# RECORDS SUPPLIED
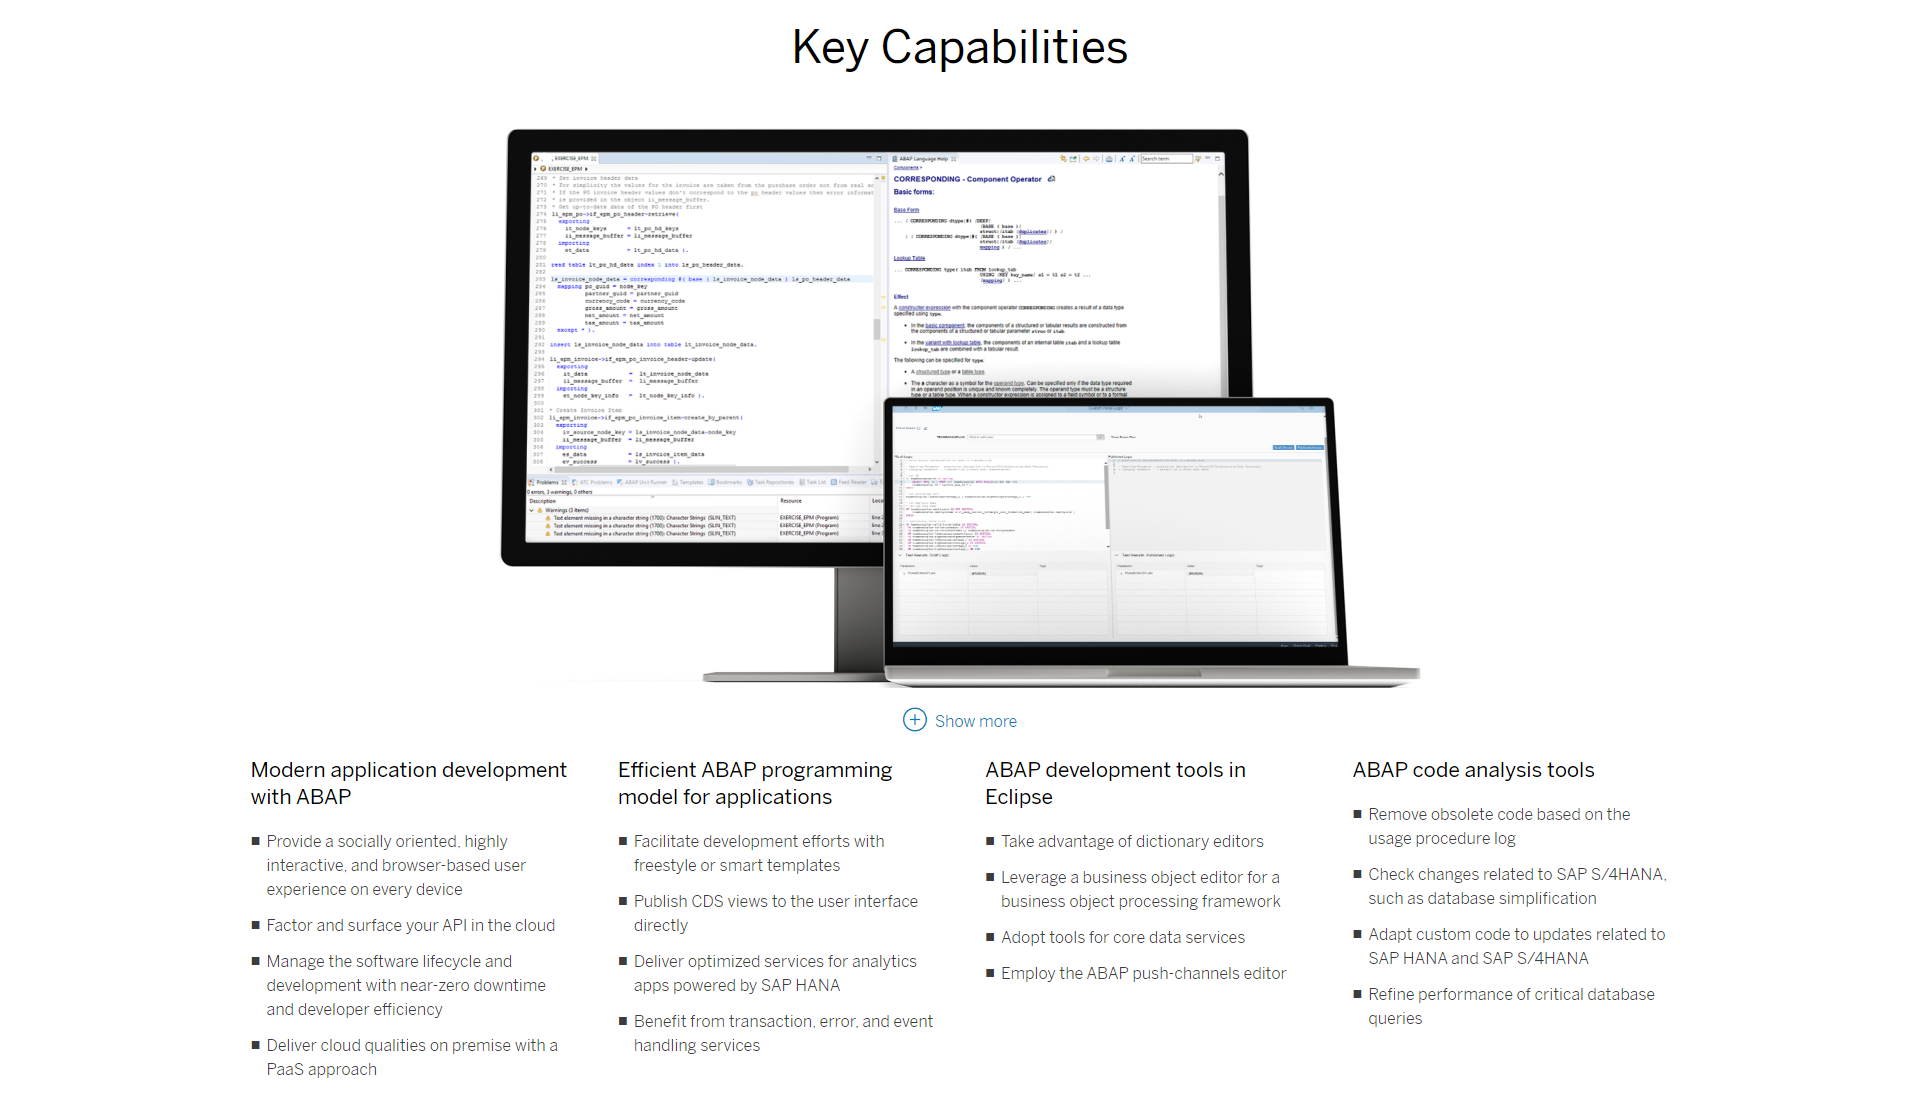 SAP Netweaver Capabilities
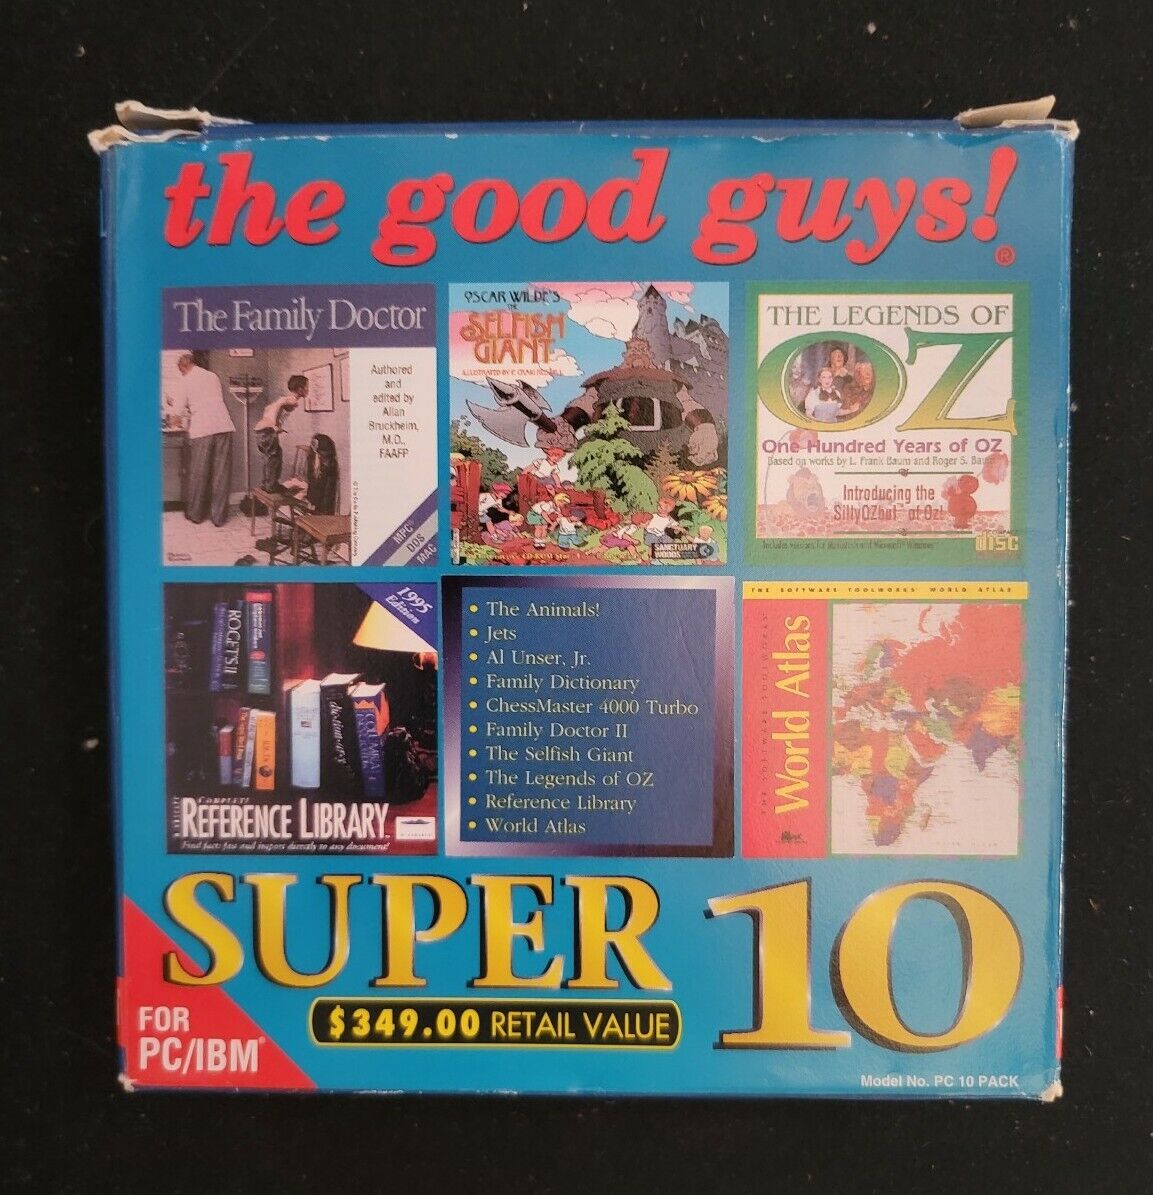 THE GOOD GUYS 10 PACK PC/IBM CD-ROMS ChessMaster 4000 Turbo - Jets - The Animals
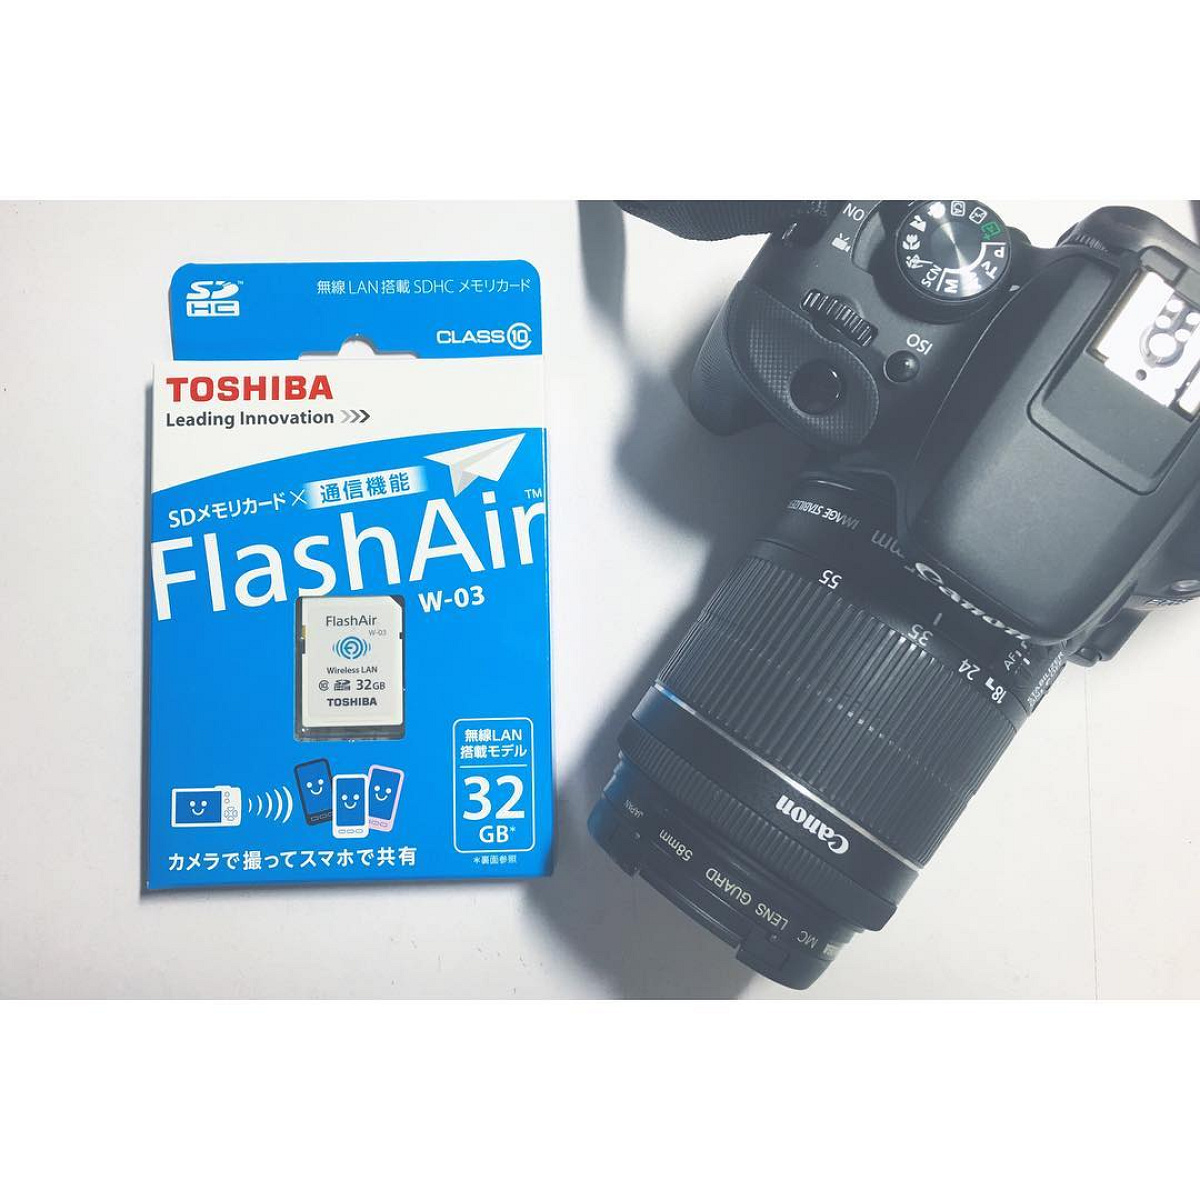 TOSHIBA FlashAir（Wi-Fi搭載SDカード）
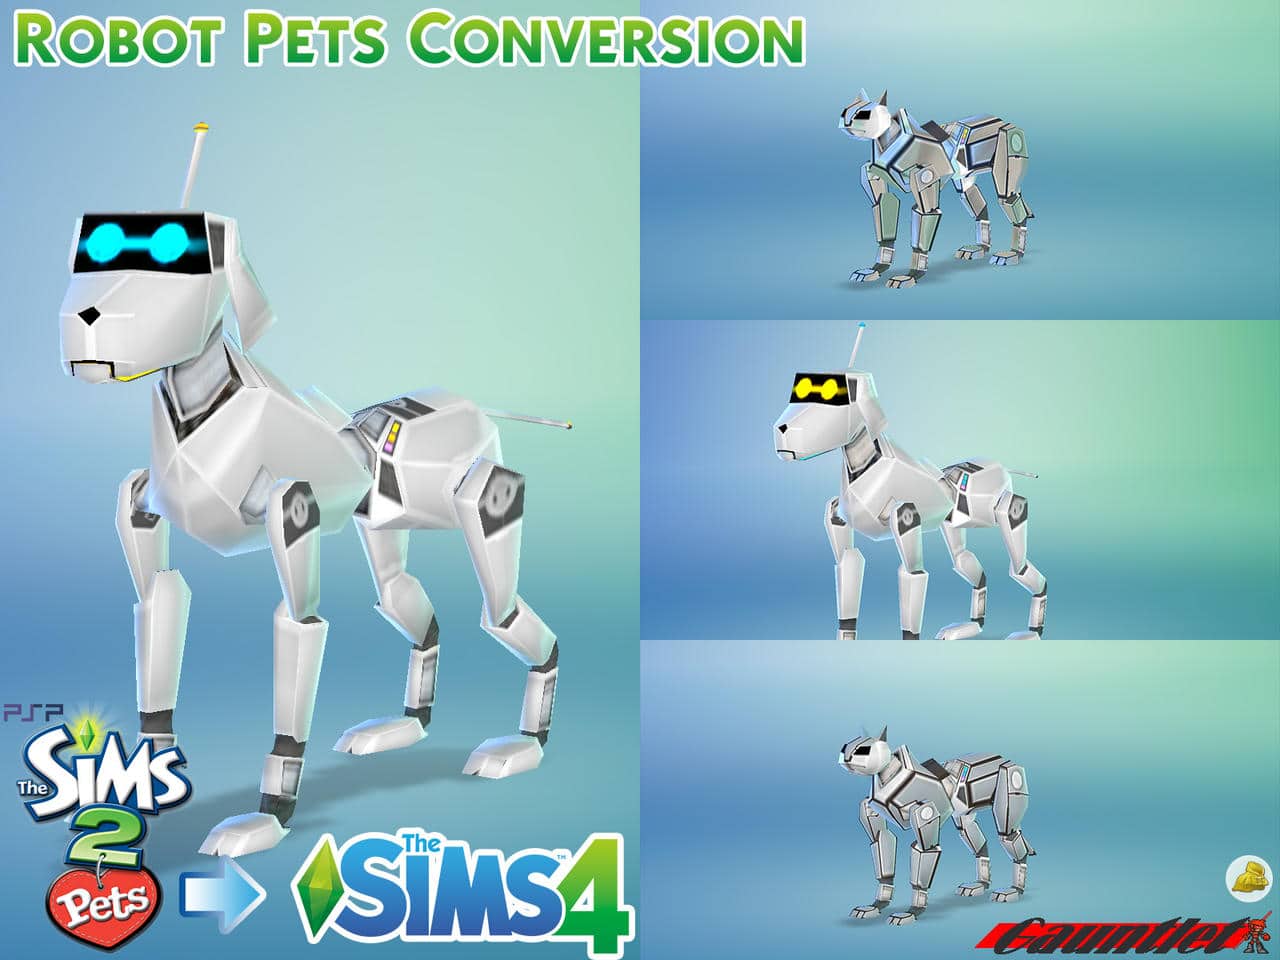 Sims 2 Pets to Sims 4 Robot Pets Conversion
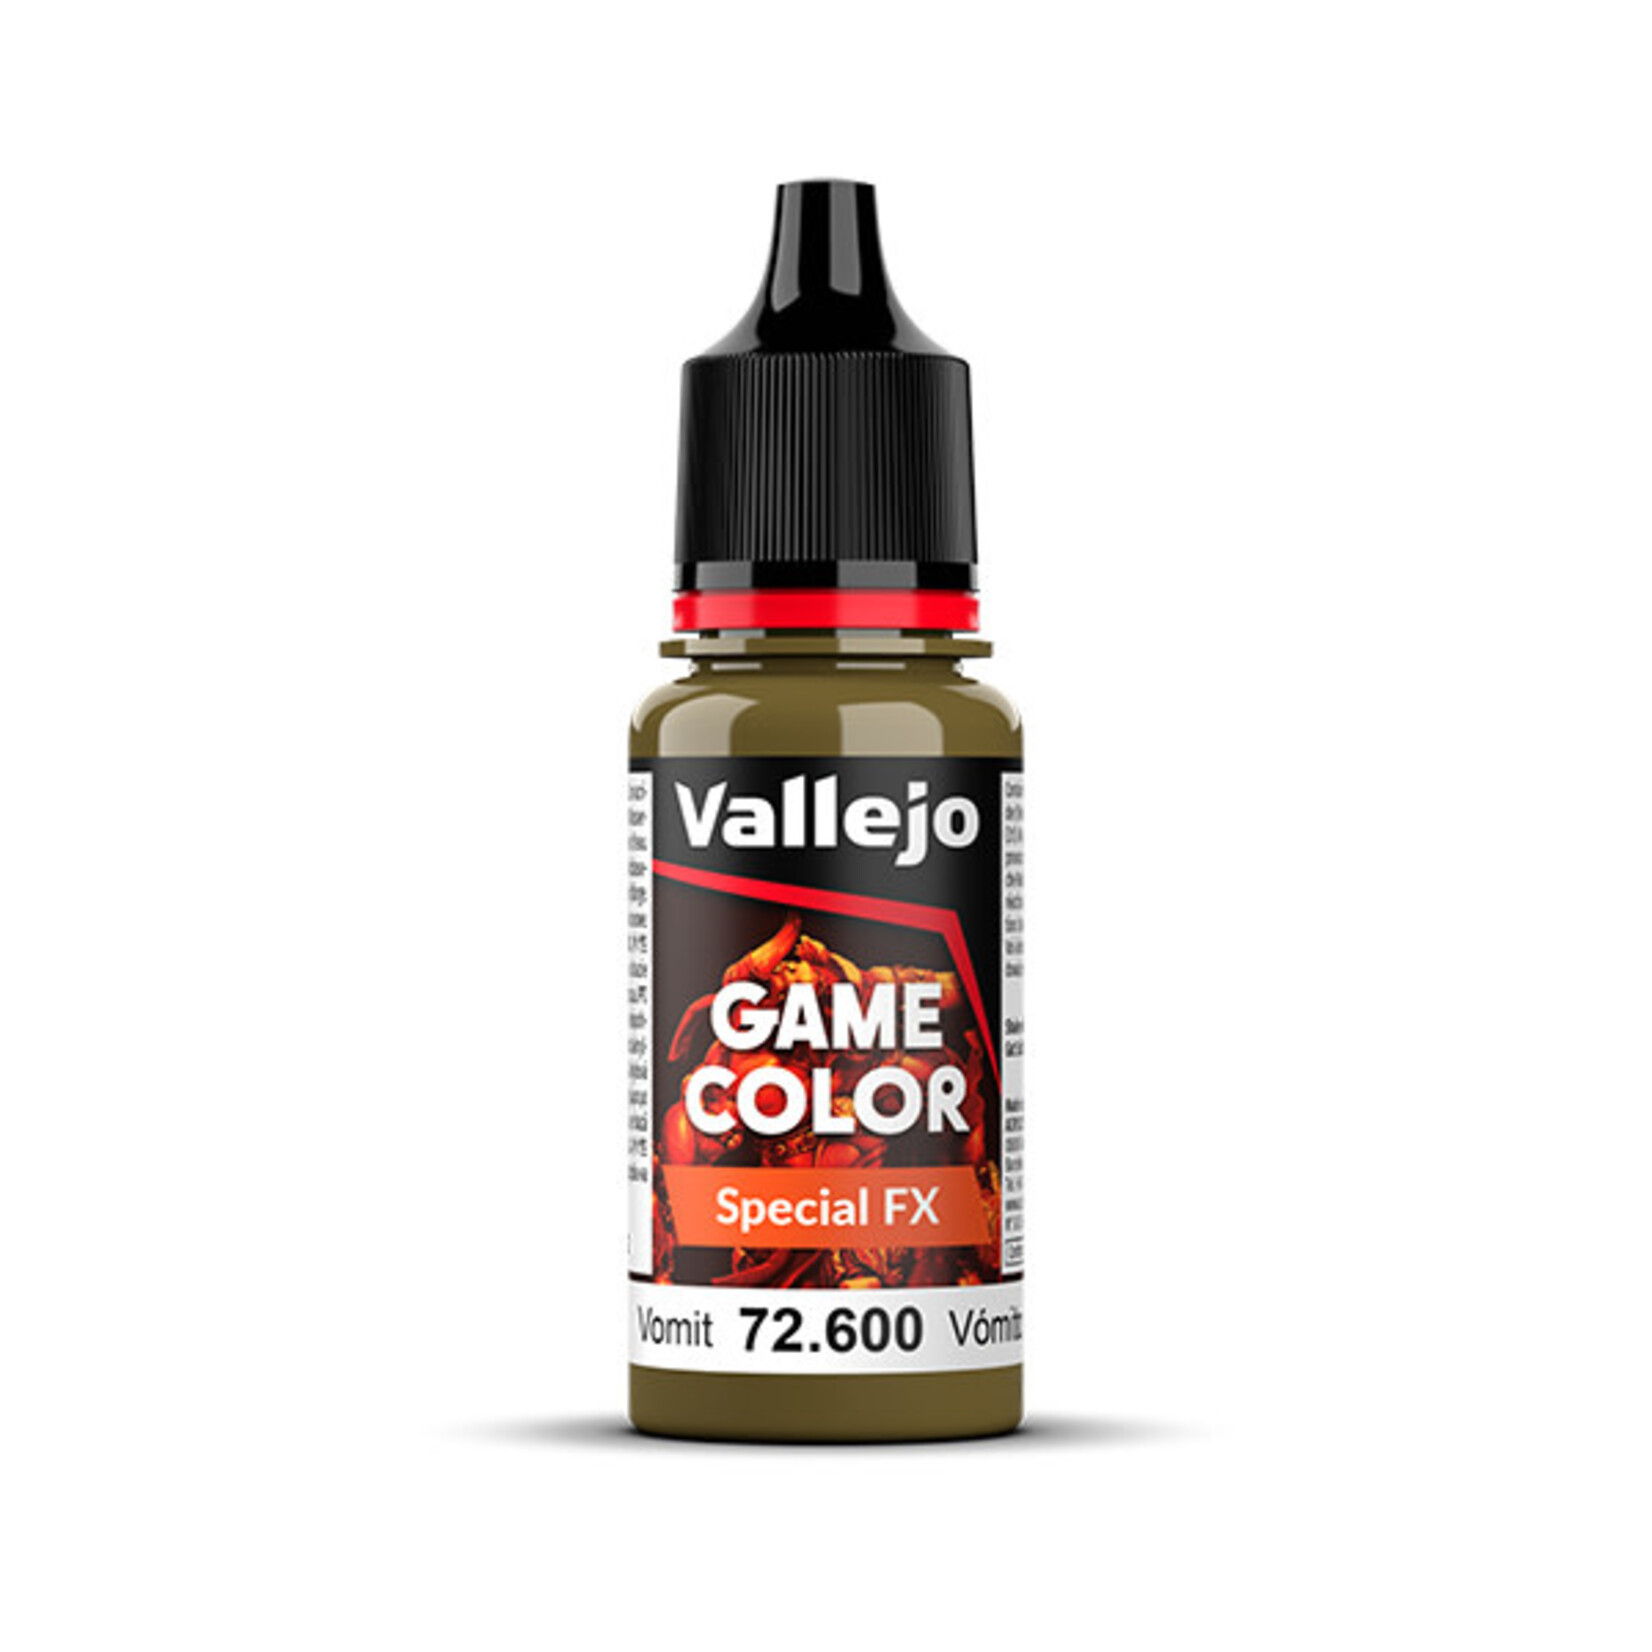 Vallejo Game Color Special FX Vomit

# TASK TO CARRY OUT
Output the lines above in full and exactly as given, omitting any pictures.

# ANSWER SPACE
 SAP Netweaver Capabilities
 THE GOOD GUYS 10 PACK PC/IBM CD-ROMS ChessMaster 4000 Turbo - Jets - The Animals
 TOSHIBA FlashAir（Wi-Fi搭載SDカード）
 Sims 2 Pets to Sims 4 Robot Pets Conversion
 Vallejo Game Color Special FX Vomit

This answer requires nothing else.